Build a 12-month plan for each target account that includes introductory calls, technical presentations, plant tours, lunch and learns, sample builds, case studies, quarterly check-ins, face-to-face meetings, trade show interactions, quarterly NPI discussions, and regular value-add communication.
Instead of trying to sell them a board on your first call, build trust, familiarity, and expertise. Target accounts follow companies that show up consistently, care deeply, listen well, and solve real problems.
Most suppliers disappear after the first “no.” But you will not—and that’s how you win.
4. Assign Ownership: One Person Owns Each Target.
One common mistake is that everyone is responsible for every account, which means that no one is responsible for anything.
Every single target account must have a clear owner, and that owner must be responsible for:
- Building the relationship
- Driving communication
- Coordinating engineering support
- Tracking progress
- Documenting touchpoints
- Reporting status
- Adjusting strategy
- Staying relentlessly persistent
Accountability creates momentum, while shared responsibility creates excuses. If you want a disciplined target-account program in 2026, you need one owner per account. No exceptions.

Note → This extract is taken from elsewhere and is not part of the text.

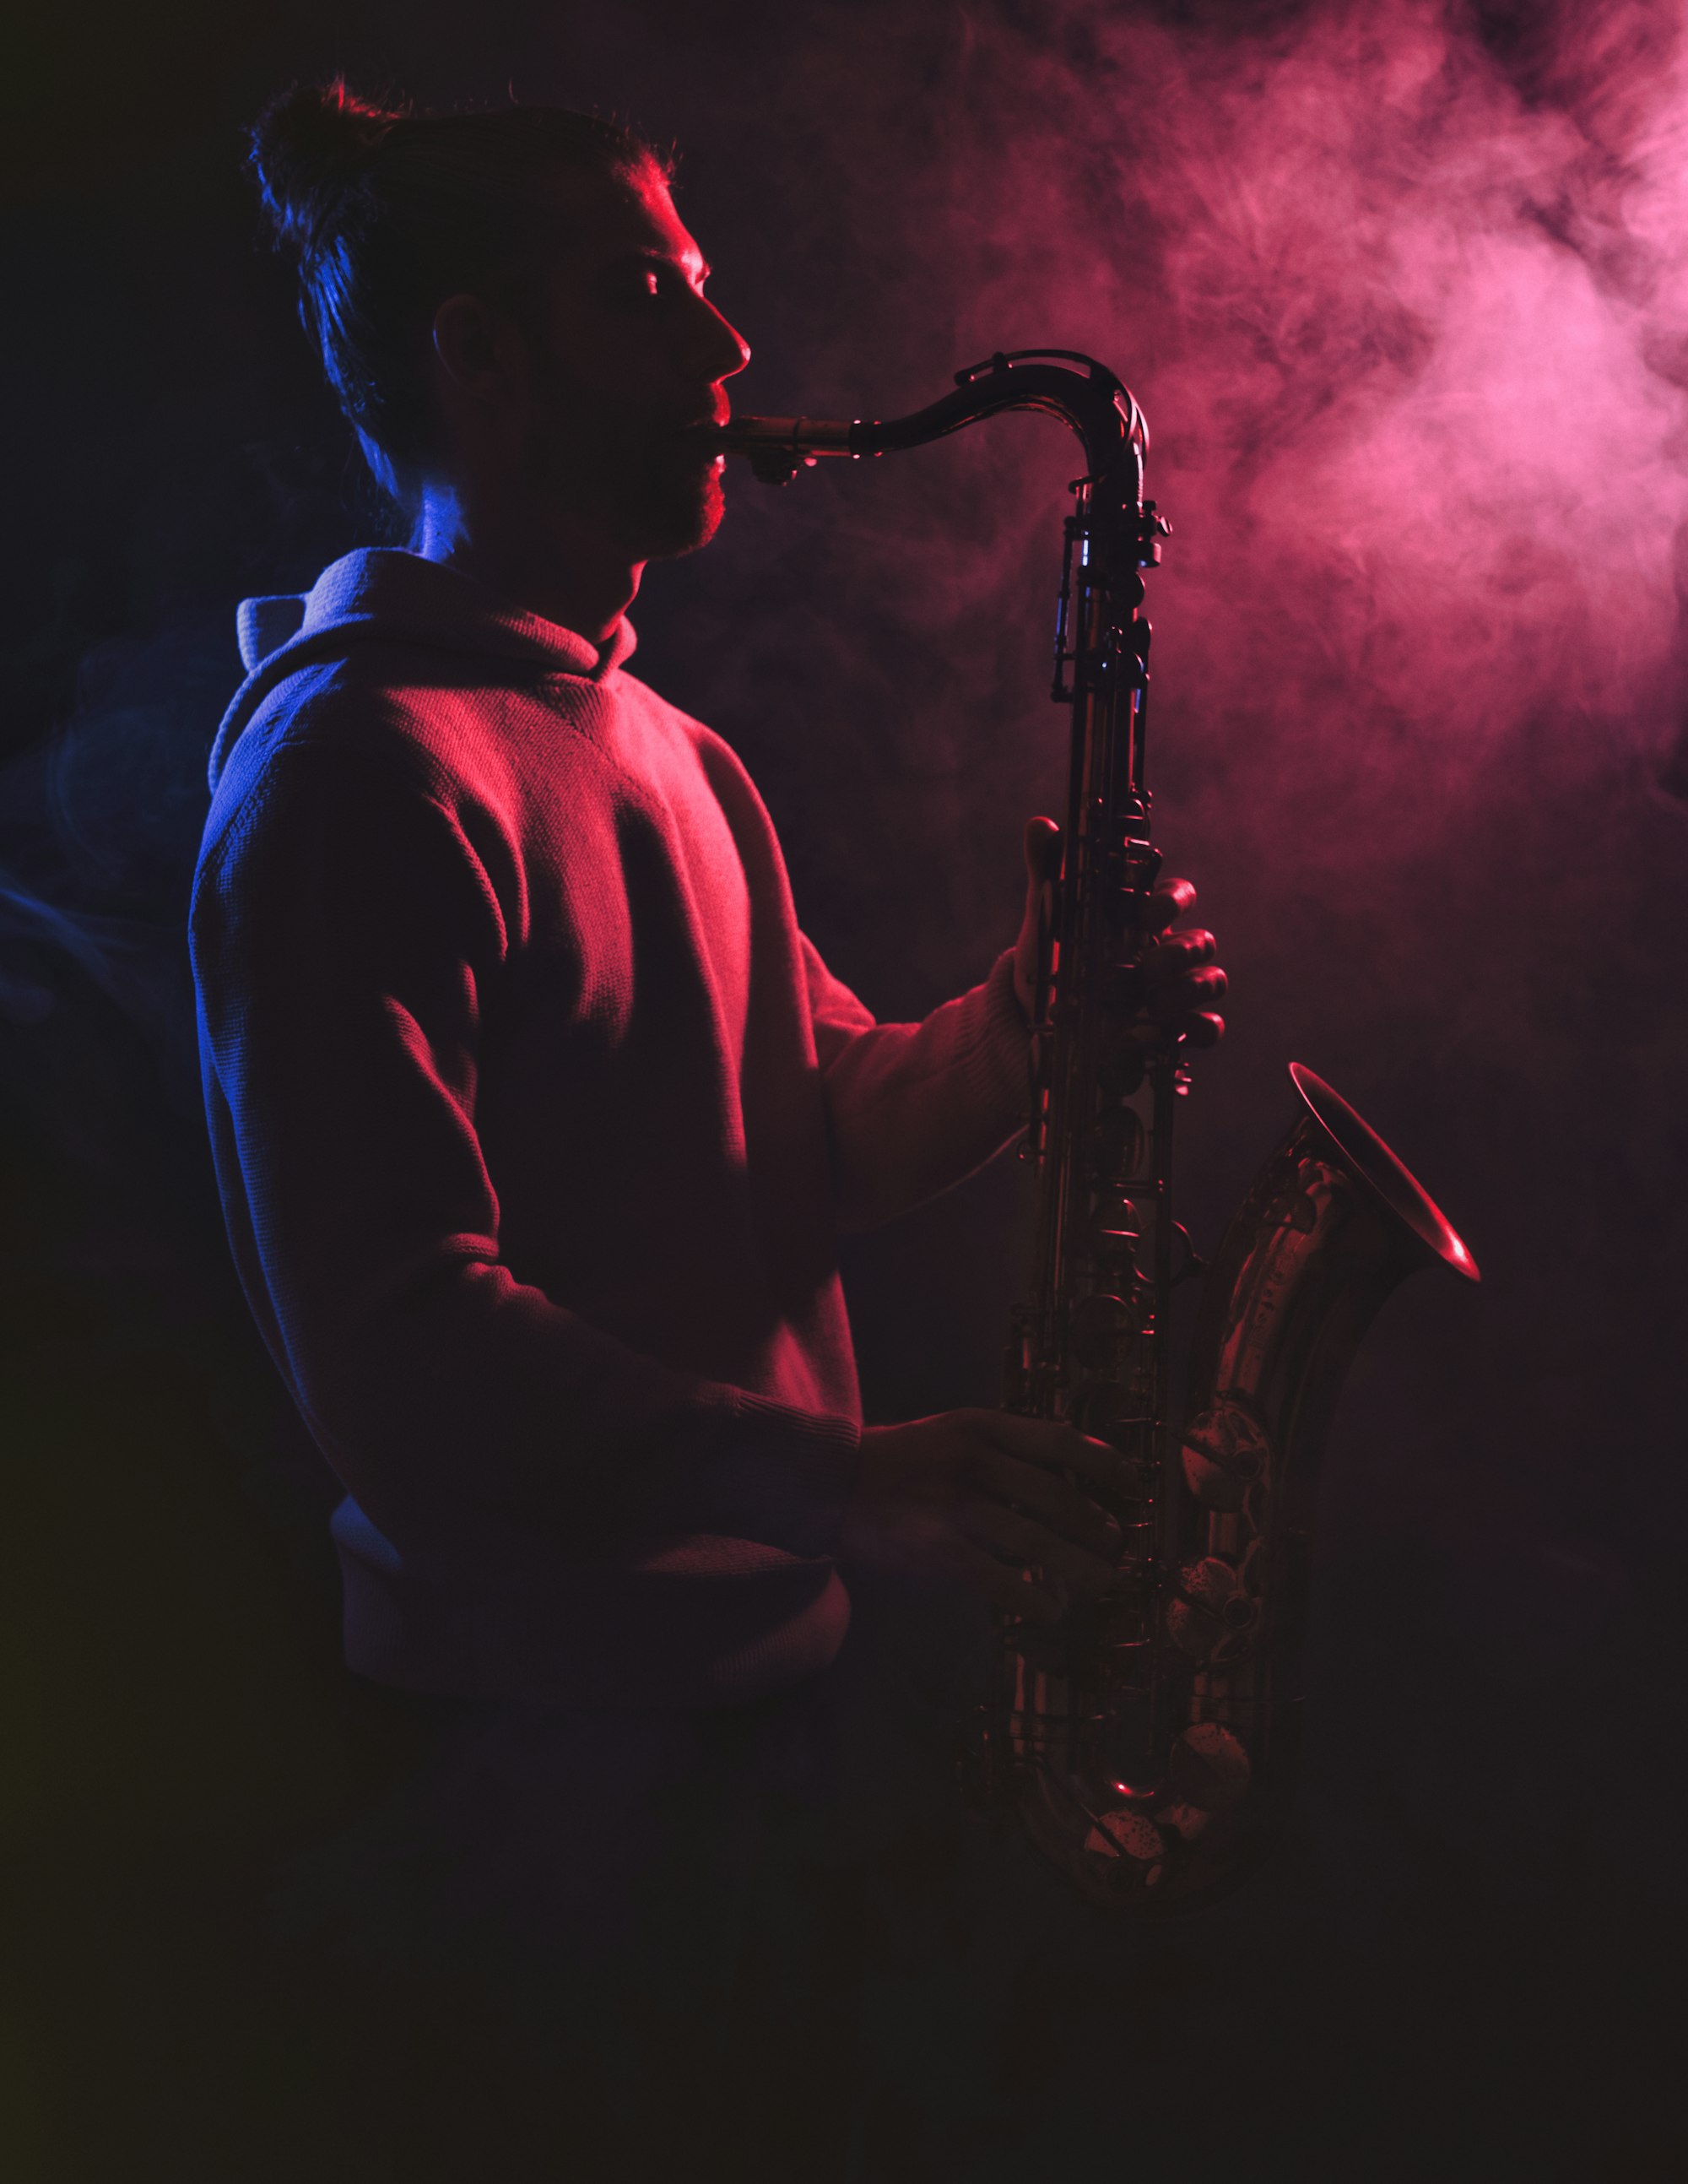 Saksofonist bestillingsguide 2023 - Priser, råd og vanlige spørsmål

5. Measure Progress Weekly: Celebrate Movement, Not Just Wins
Many companies only measure bookings, but that’s like a gym only measuring weight loss.
You miss everything that actually drives the result.
With target accounts, you measure calls made, conversations had, contacts added, meetings booked, samples requested, engineering discussions held, proposals submitted, problems solved, responsiveness, relationship milestones, and opportunities uncovered.
Remember that progress is the goal and bookings are the outcome. If you measure only wins, you will only work at year-end. If you measure progress, you will win all year long.
So, track and review it, then reward it. What gets measured gets done.
The Story Every Company Needs to Hear
Years ago, I worked with a shop that was always “one big customer away” from a breakthrough. Every year, they told me the same thing.
Then one year, they decided to try something different. They built a target account list of 15 companies they had no business winning. Honestly, I thought it was too ambitious.
But they got serious. They researched, prepared, made calls, visited, sent samples, follow up, solved problems that no one else would, and stayed present long after the competitors walked away.
By the end of the year, they won four of the 15. The results meant the company quadrupled, hired 40 new people, added two new shifts, and became a serious player. It wasn’t because of luck, but because of focus.
Target accounts change everything.
The Common-Sense Bottom Line
If you want a stronger 2026, stop chasing anyone and start pursuing someone.
Get focused, disciplined, intentional, persistent, organized, and bold. The companies that succeed in 2026 will not be the ones making the most calls, but the right calls. They will do it consistently, intentionally, and with a plan.
Target accounts are a strategy, and 2026 is the year to get it right.
Dan Beaulieu is president of D.B. Management and an I-Connect007 columnist.